The draft legislation, published by the UK Treasury, follows a two-year consultation process. It would give the FCA the power to regulate firms offering certain types of interest-free instalment credit to consumers, responding to concerns over the risk of consumer harm of the unsecured credit market. Most BNPL firms and products are currently unregulated, and borrowers do not benefit from the consumer protections lenders are required to build into regulated consumer lending products.
Under the proposed regulatory regime, lenders offering BNPL products would need to be authorised by the financial regulator and would need to comply with various regulatory requirements and consumer credit rules, including the upcoming Consumer Duty and financial promotions regime. The FCA would be able to take enforcement action against any firms that have breached its rules.
The draft legislation would significantly widen the FCA’s remit and indicates the direction of travel for consumer credit reforms more broadly, according to financial regulation experts at Pinsent Masons.

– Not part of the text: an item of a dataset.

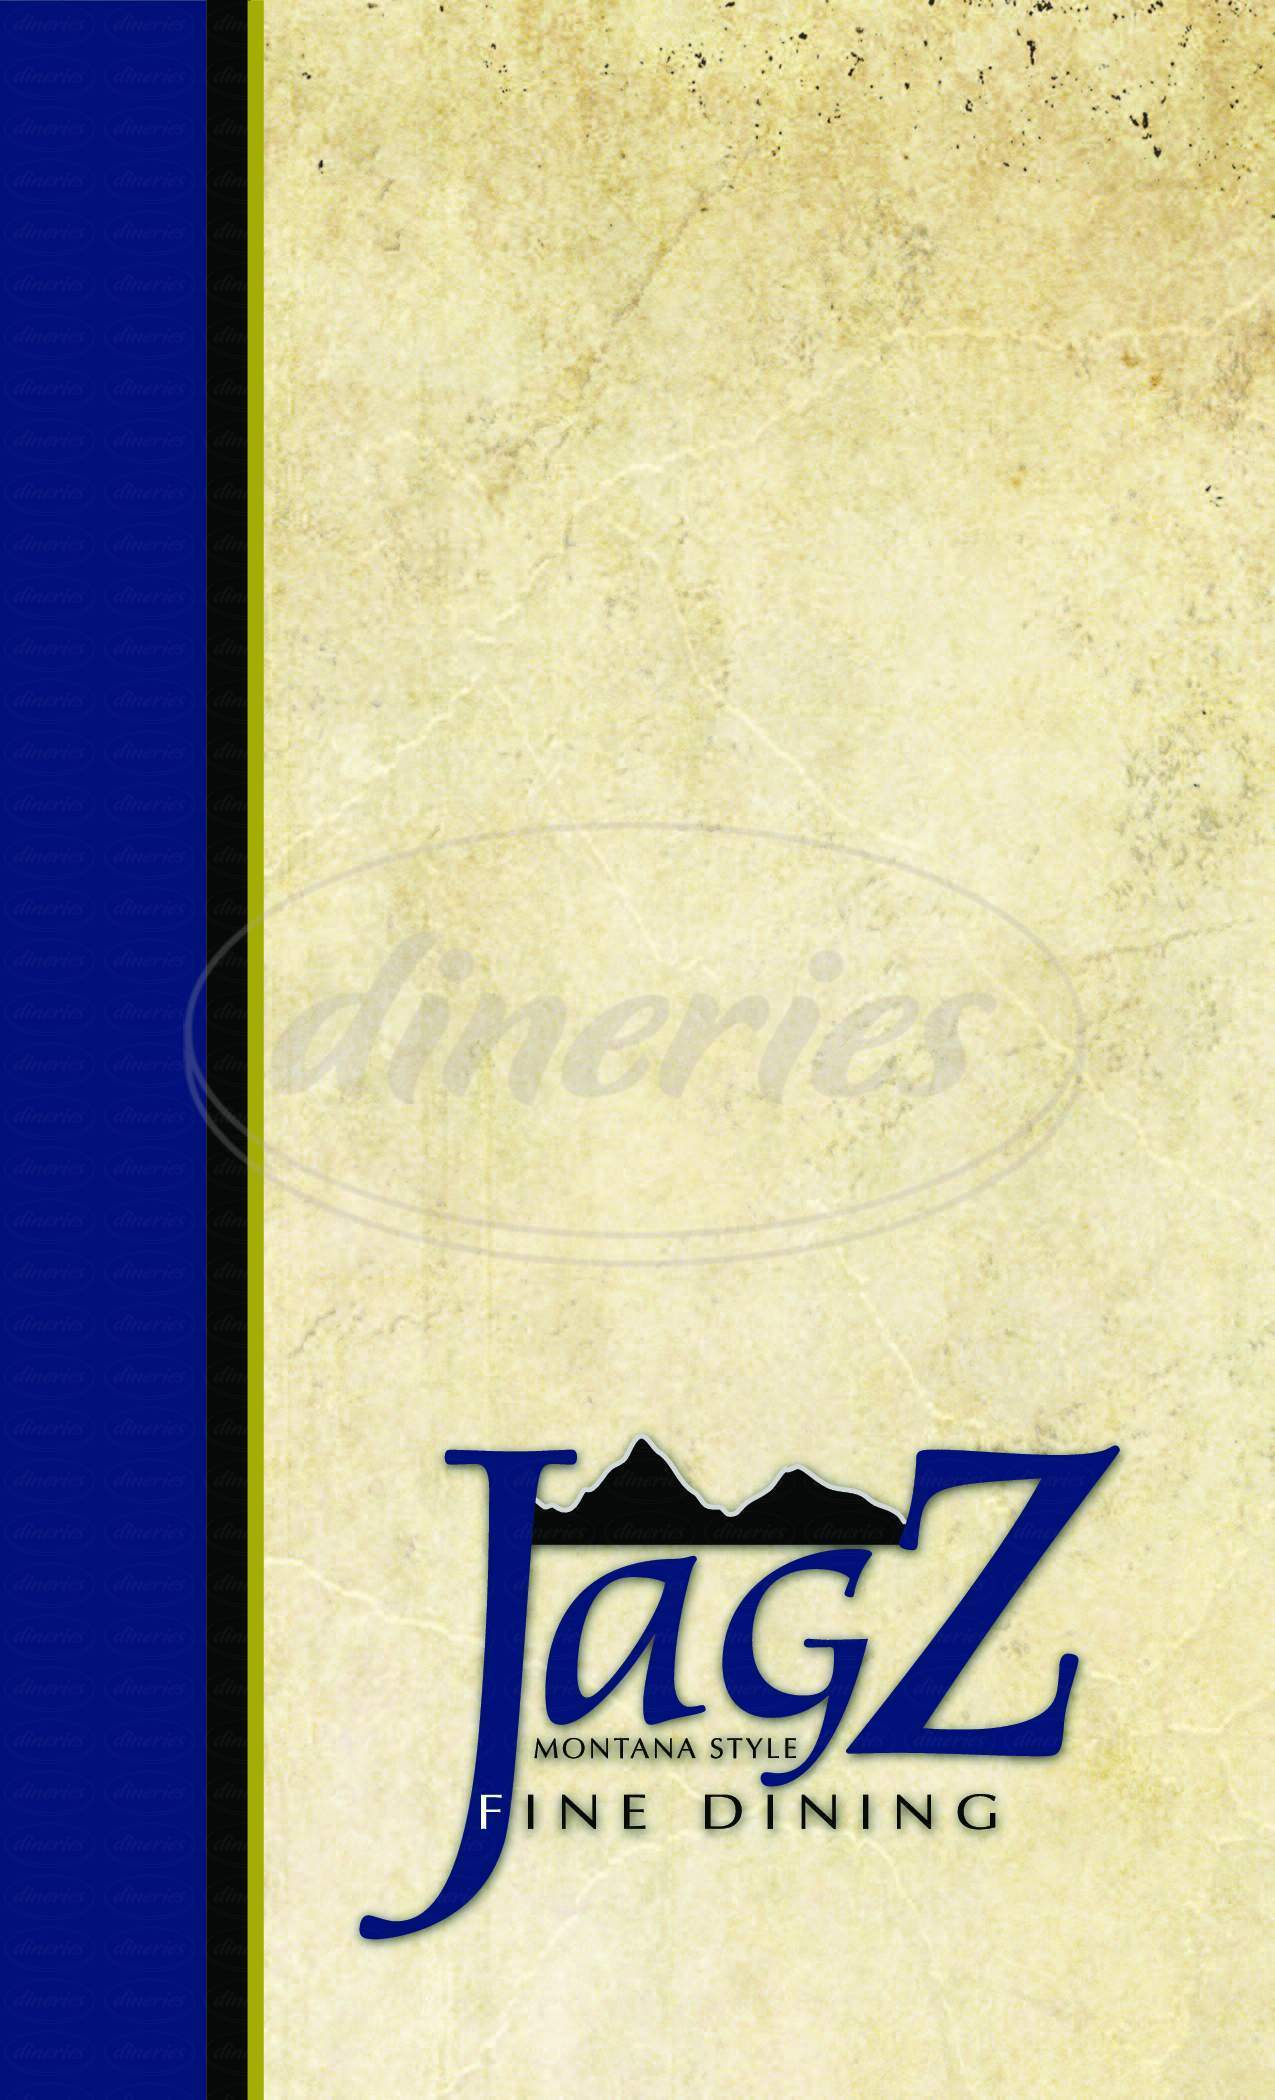 menu for Jagz

Hannah Ross said: “The consultation reflects over two years’ work in this area by the Treasury and the FCA. It will bolster the FCA’s work to better protect vulnerable customers and support its recent monitoring of BNPL firms and interventions, in particular in the areas of financial promotions and treating customers fairly”.
“The proposed new legislative powers will significantly widen the FCA’s remit and BNPL firms should consider the legal, regulatory and commercial impact arising from these proposed changes. This will include consideration of how BNPL firms can and should be complying with the upcoming Consumer Duty, ensuring they deliver good outcomes for BNPL retail customers,” she said.